How is it already July?
Wasn’t it just Christmas?
Oh, right…it was just Christmas — then Valentine’s Day. Then it was St. Patrick’s Day, then Easter, then Memorial Day.
Every year around this time, I wonder where the time goes. Being that I prefer the cold, the gray and the rain to the warmth, I of course marvel at the quickly-passing year in sweltering temperatures and with humidity wreaking havoc on my hair. Joy.
I don’t know how long this thought process has been going on, but my guess would be for at least ten years.
Ten.
Years.
I was 26 ten years ago. I hadn’t yet moved across country (again), I was dating someone who was a horrible fit for me (also again), and I had no idea who I was. I still kind of feel like I don’t. Some things never change.
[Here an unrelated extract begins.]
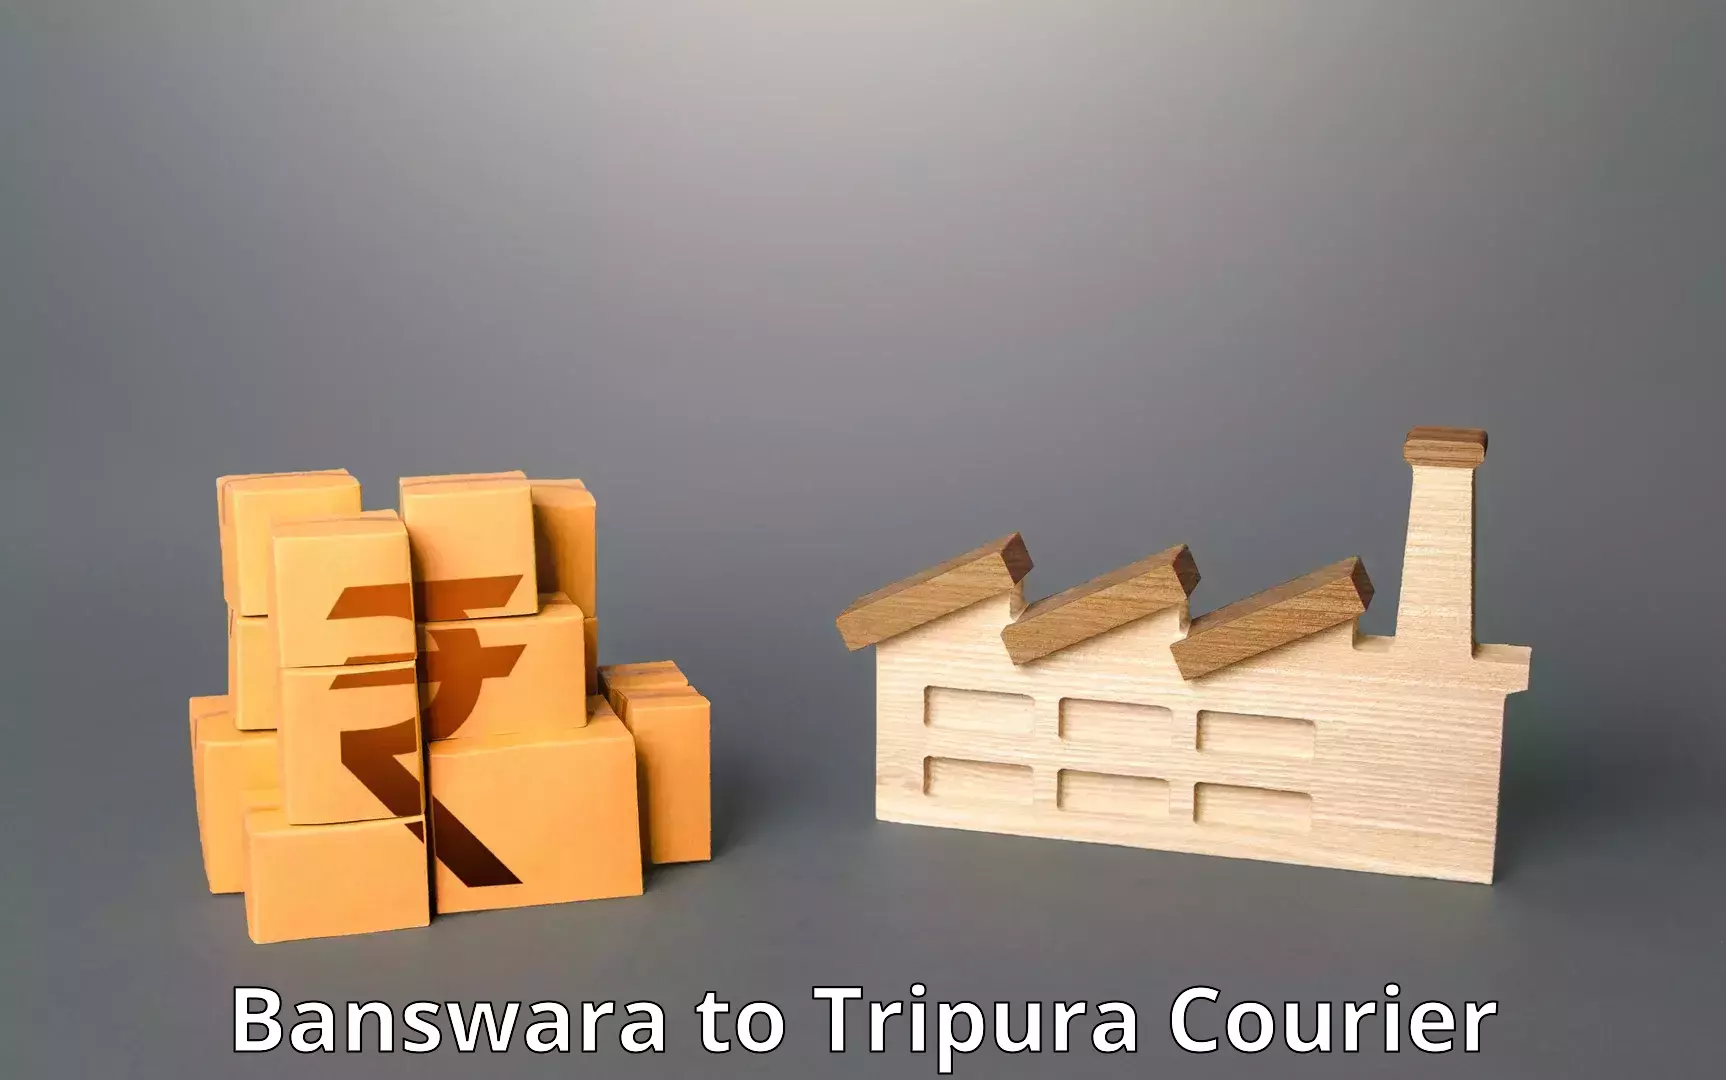 Package tracking Banswara to Udaipur Tripura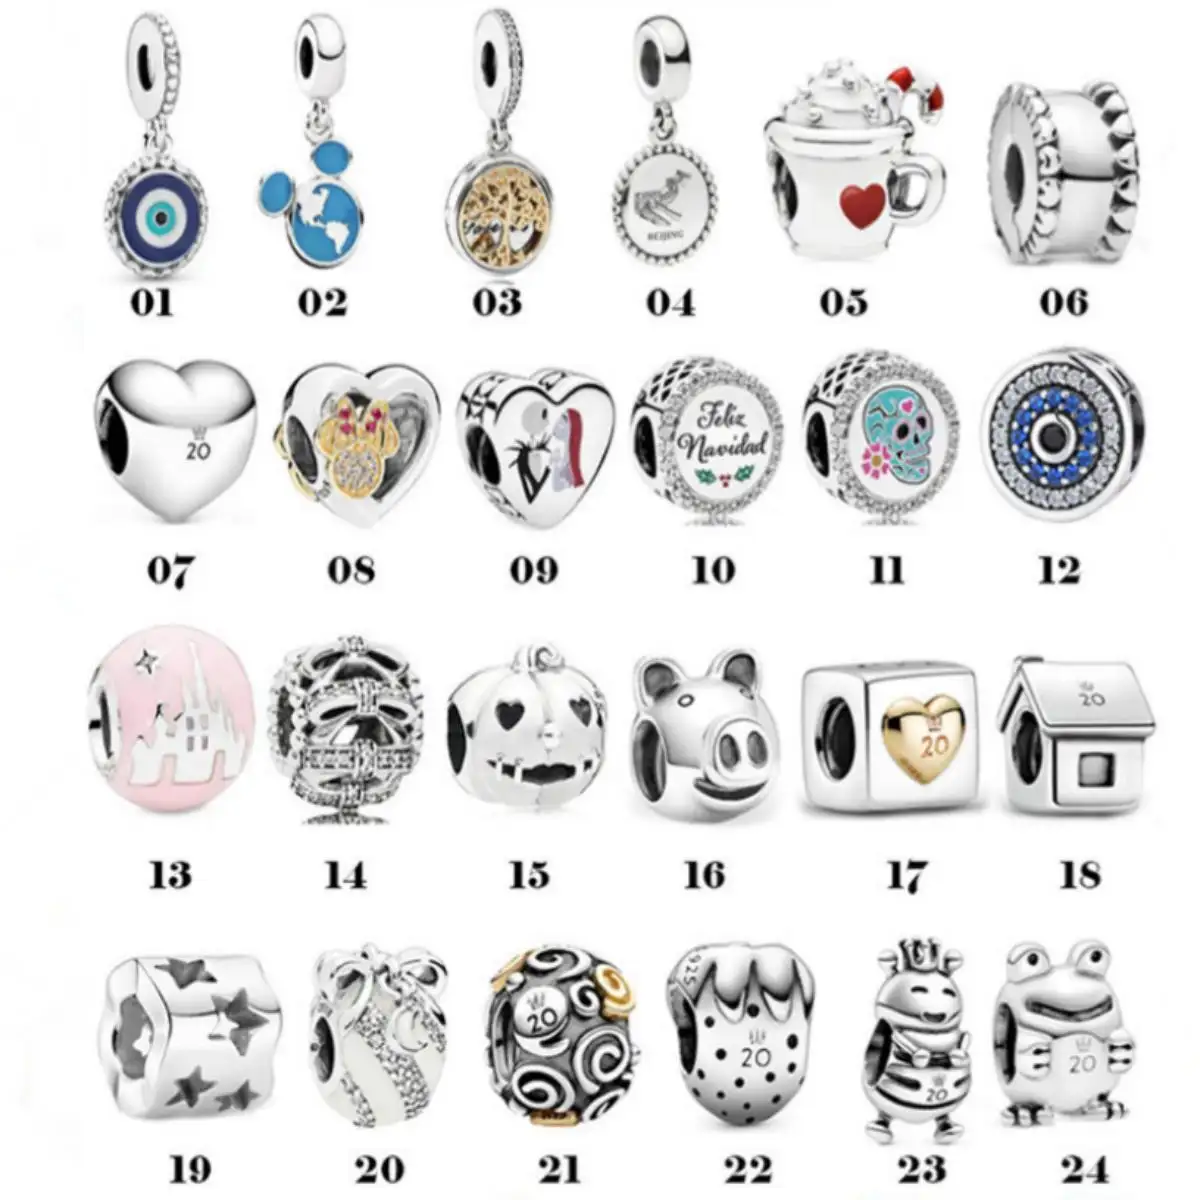 Recém-chegados 925 sterling silver jóias pulseira acessórios DIY contas pingente jóias para as mulheres pulseira charme

But this decade, it doesn’t matter. Life has a way of moving along, but also slowing down your concerns about the future — at least it does for me. Maybe that indicates we know ourselves better than we think we do. Or maybe it simply indicates we’re resigning ourselves to the mere passage of time. I prefer to believe its the former.
It seems like just yesterday I was taking baton lessons. Gymnastics. Clarinet. Watercolor painting classes. Voice lessons. Guitar. Bass. And piano…piano…piano.
It feels like just the other day I was choosing my next My Little Pony, my next Barbie, learning how to ride a bike, how to braid, how to shoot a three-pointer, how to drive and I could swear I just recently picked out a couple of prom dresses. Then I went off to college. That was just the other day, wasn’t it?
Oh, college. I found my way — at times blindly — through scheduled classes and unscheduled bumps on the road of life. I lost my heart, lost my mind, lost my innocence, then met people who restored it all. Then more who took it all away again. Rinse, lather, repeat.
It’s already July, yes, but the summer of our lives shines a warm, accepting light on all that we’ve been through, endured, willingly set out to experience and that which we’ve had no control over. It illuminates the lessons we’ve learned, the deficits and cracks wherever need more knowledge and highlights the good part of the bad stuff we’ve seen. It’s a season of silver linings, if you will. And there are more to come.
Tonight I am thankful for the passing of time — His time — that I sometimes grumble about, but which has immeasurable benefits that I appreciate and respect. Its teachings are custom-made for our ways, and it knows us inside and out. It knows what we can handle, what we need still and how much we can take.